相変わらずのこわもて。ガッシリした体が椅子におさまり悪そうだ。これまでに会ったのは二回とも屋外だったし、こうして向かい合うのは初めてだわ。
「あの、ステアが調べ事をお手伝いしているのだとか」
「おおっとアリーめ、そんなことを漏らしましたか」
「どんなお知り合いなのかと私が訊いたからです。仕事の中身は詳しく教えてもらえませんでしたけど」
うっそー。魔女の件に関してはそれなりに聞かされてるわ。
だけどハリソンさんには仕事上の守秘義務があるだろうし、ホイホイと妻に内容が伝わるようじゃ今後に差し障るでしょう。知らんぷりを決め込むことにする。
「今日もお仕事のお話ですか?」
「はあ、まあ。奥さんの耳に入れるようなことではありません」
あらやっぱりガードが固いわね。この人、荒っぽい話は私にしてくれなそうだもんなあ。
「巡察隊のお仕事なのですよね。隊が作られてからベリントンの治安がとてもよくなったのだとうかがいました」
「そうですな」
さりげなく尊敬をにじませると、謙遜とかはせずに力強くうなずかれた。
昔は本当に物騒だったらしいのよ。盗みも殺しも当たり前。工場労働者として農村から人が流入し、仕事にあぶれた人々は犯罪に走るしかなかったそう。それを取り締まったのが巡察隊ね。
「おかげで安心して暮らせます」
「まあ、ここらは安全な地区です。だが奥さんお一人の外出は控えた方がいい」
「あら、そうですか?」
「アリーが気をもみますからな」
わっはっはと笑うのはハリソンさん流の冗談だったのか。アリステアが過保護なのが面白いのね。私は恥ずかしがってうつむいてみせた。
「倒れたりしません。もう元気ですもの」
「……本当によかった。アリーは世の中を
しみじみと友人の幸せを喜んでくれるハリソンさんはいい人だわ。私のことも優しい目でながめているのがわかって嬉しい。

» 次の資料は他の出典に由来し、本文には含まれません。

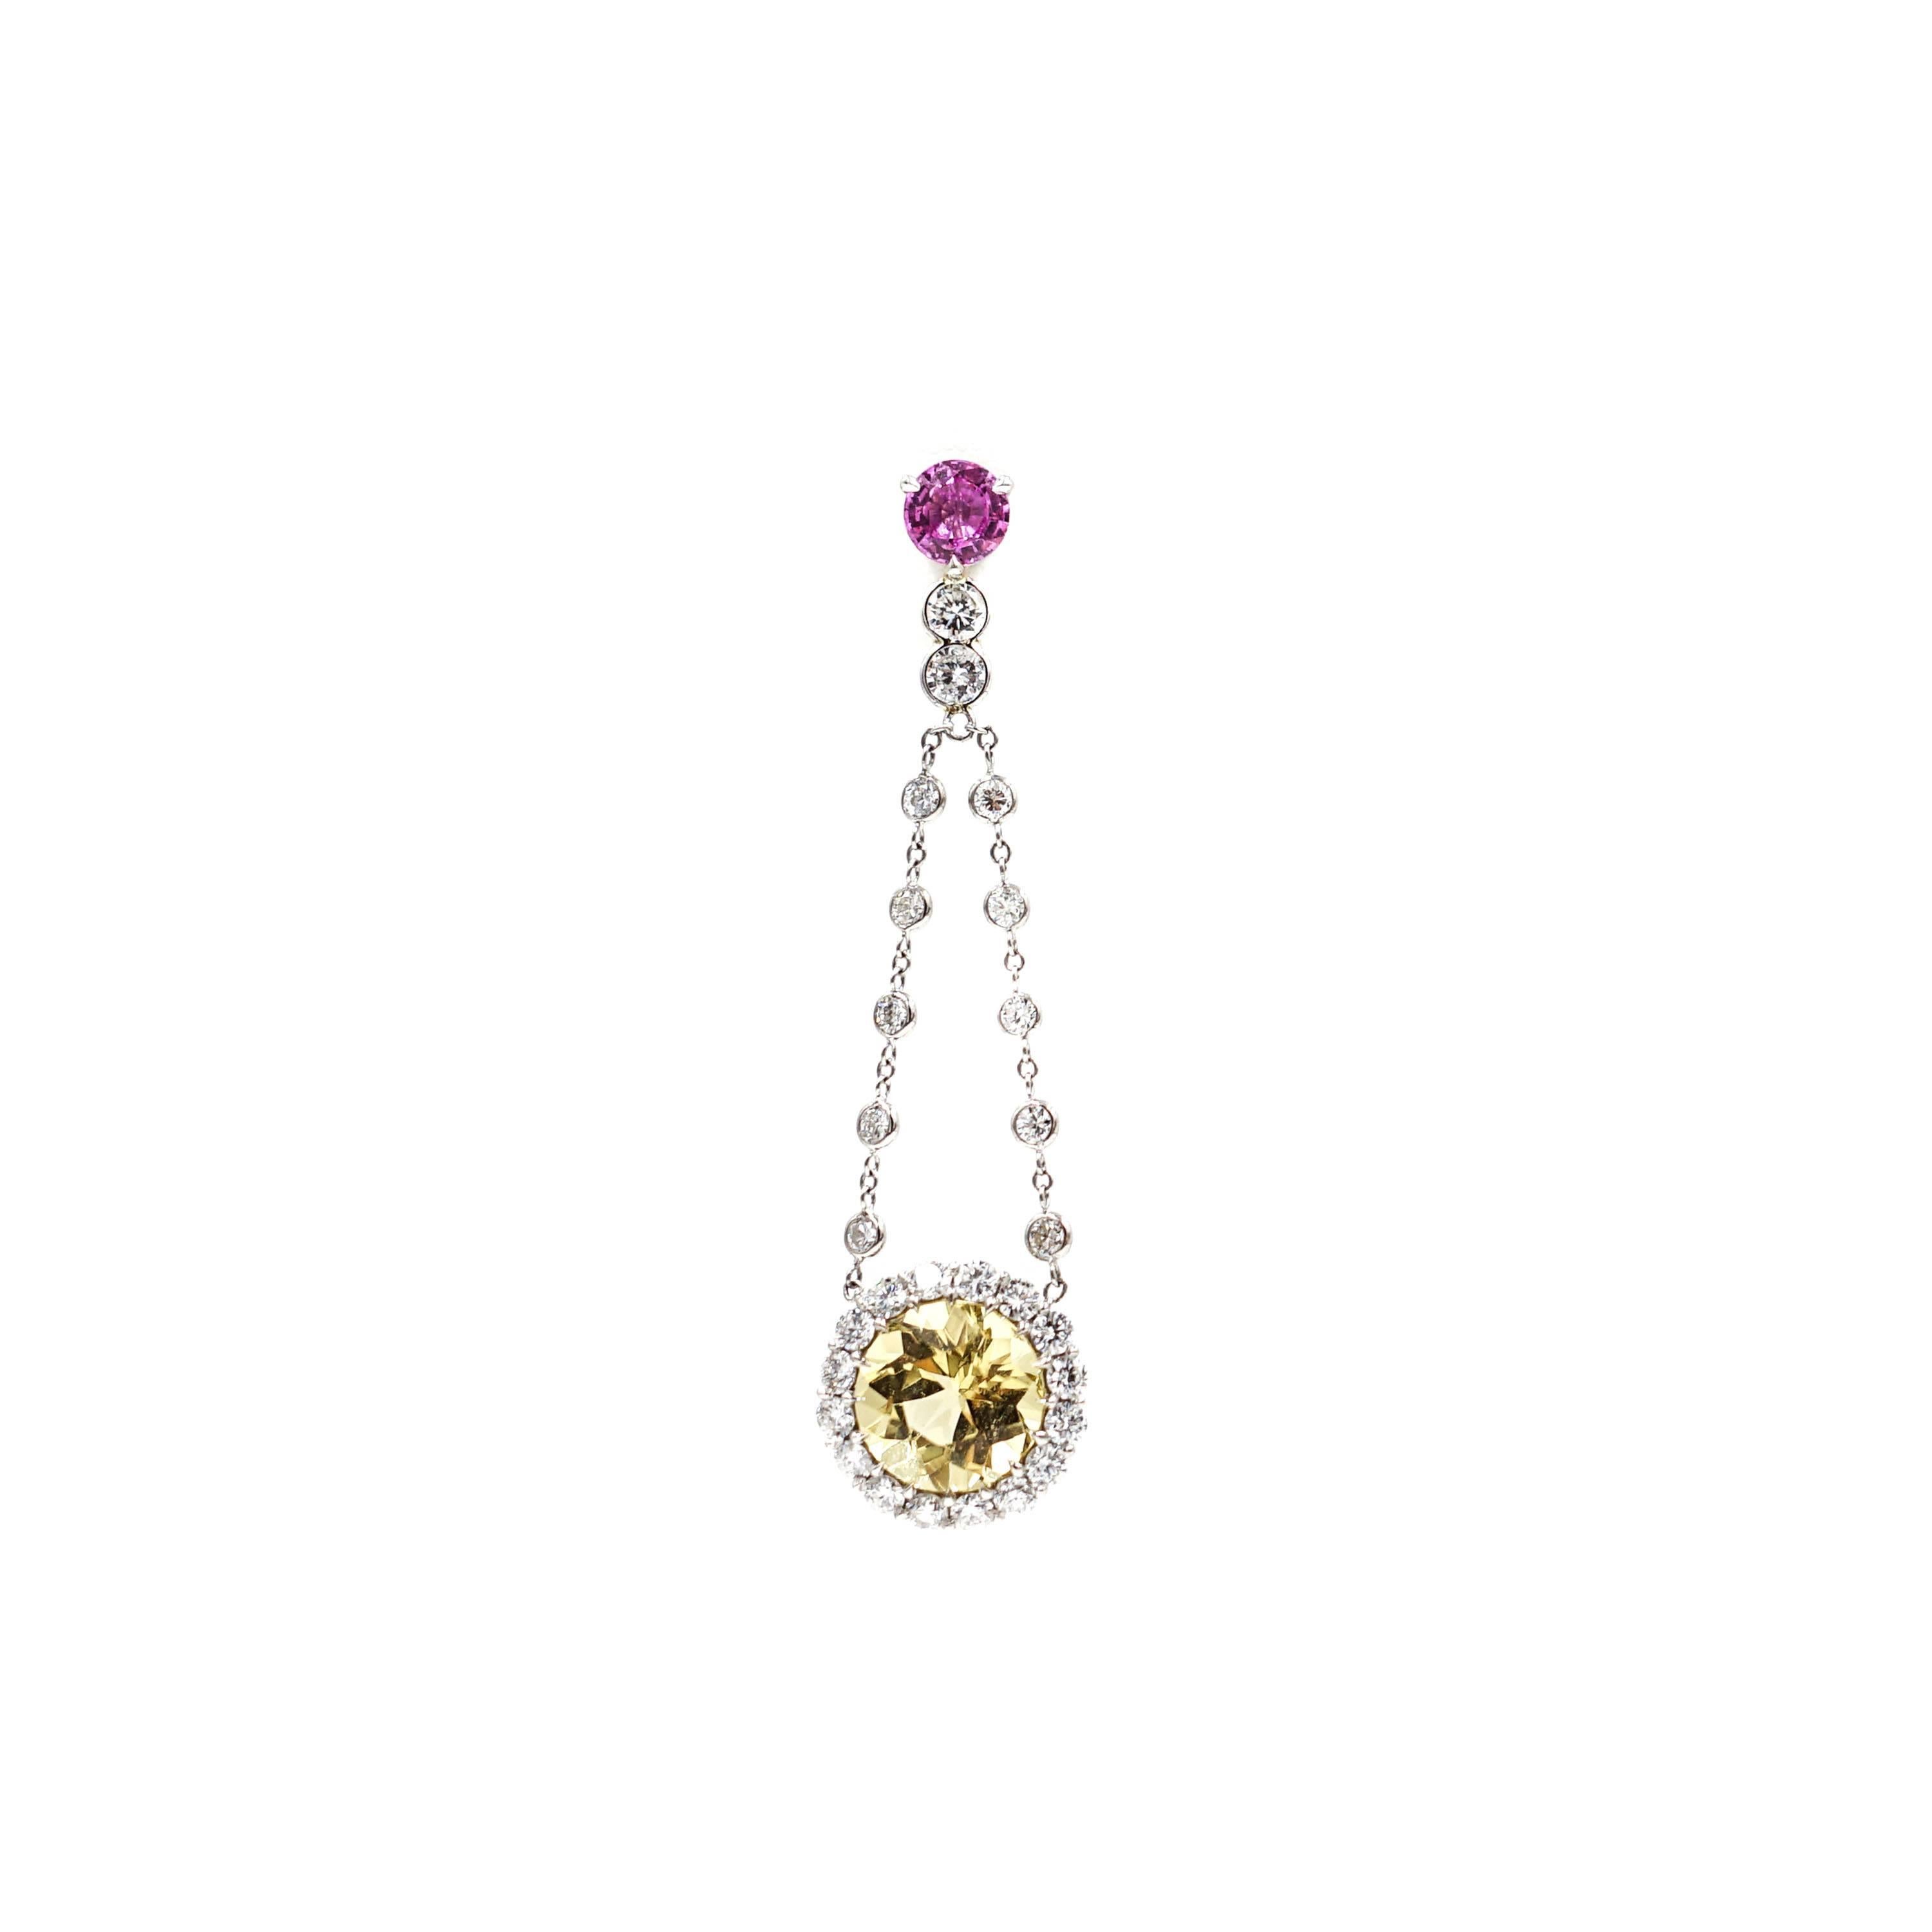 Graceful and feminine... This gorgeous pair of earrings is designed with Diamonds, Pink Sapphires and Yellow Beryl, combinined to create a contrast of colors with a delicate look that can express your personality and taste.
Measures 2 inches in

でもアリステア本人は私で遊んでばかりなのよね。私はちょっと愚痴ってみる。
「でもあの人は私をからかってばかりなんですよ。私――そばにいられない時間が多かったので、ステアのことをわかっているのか不安で」
「なんと。アリーが奥さんを想っているのは間違いないですから、不安なんて言ったら悲しむでしょう。この間も何年越しの恋だったんだと笑ってやりました」
「いやだ、そんな」
「鋭くにらまれましたよ――ううむ、てことは実はずいぶん歳の差があるんですな。まあ奴は若く見えるんで、そう思えませんが。最初に会った時からまったく老ける様子がない。うらやましい限りです」
そう言ってハリソンさんは眉間にきざまれつつあるシワを指で伸ばした。
……私とアリステアに歳の差? 四歳しかないと思っていたけど。
「――ハリソンさんとステアは長いお知り合いなのですか」
「ううむ、かれこれ六、七年ですかなあ」
あごをなでながら言われて私は固まった。どういうこと?
うろたえていたらちょうどよくノックがあり、メラニーがお茶を持って入ってくる。
「奥さま、だんな様がお戻りです」
「あ、あらそう。じゃあお仕事のお話がおありでしょうから私はこれで」
平然をよそおって会釈し、部屋を出る。玄関ホールで帽子や上着を脱いでいたアリステアが私に気づきムスッとした。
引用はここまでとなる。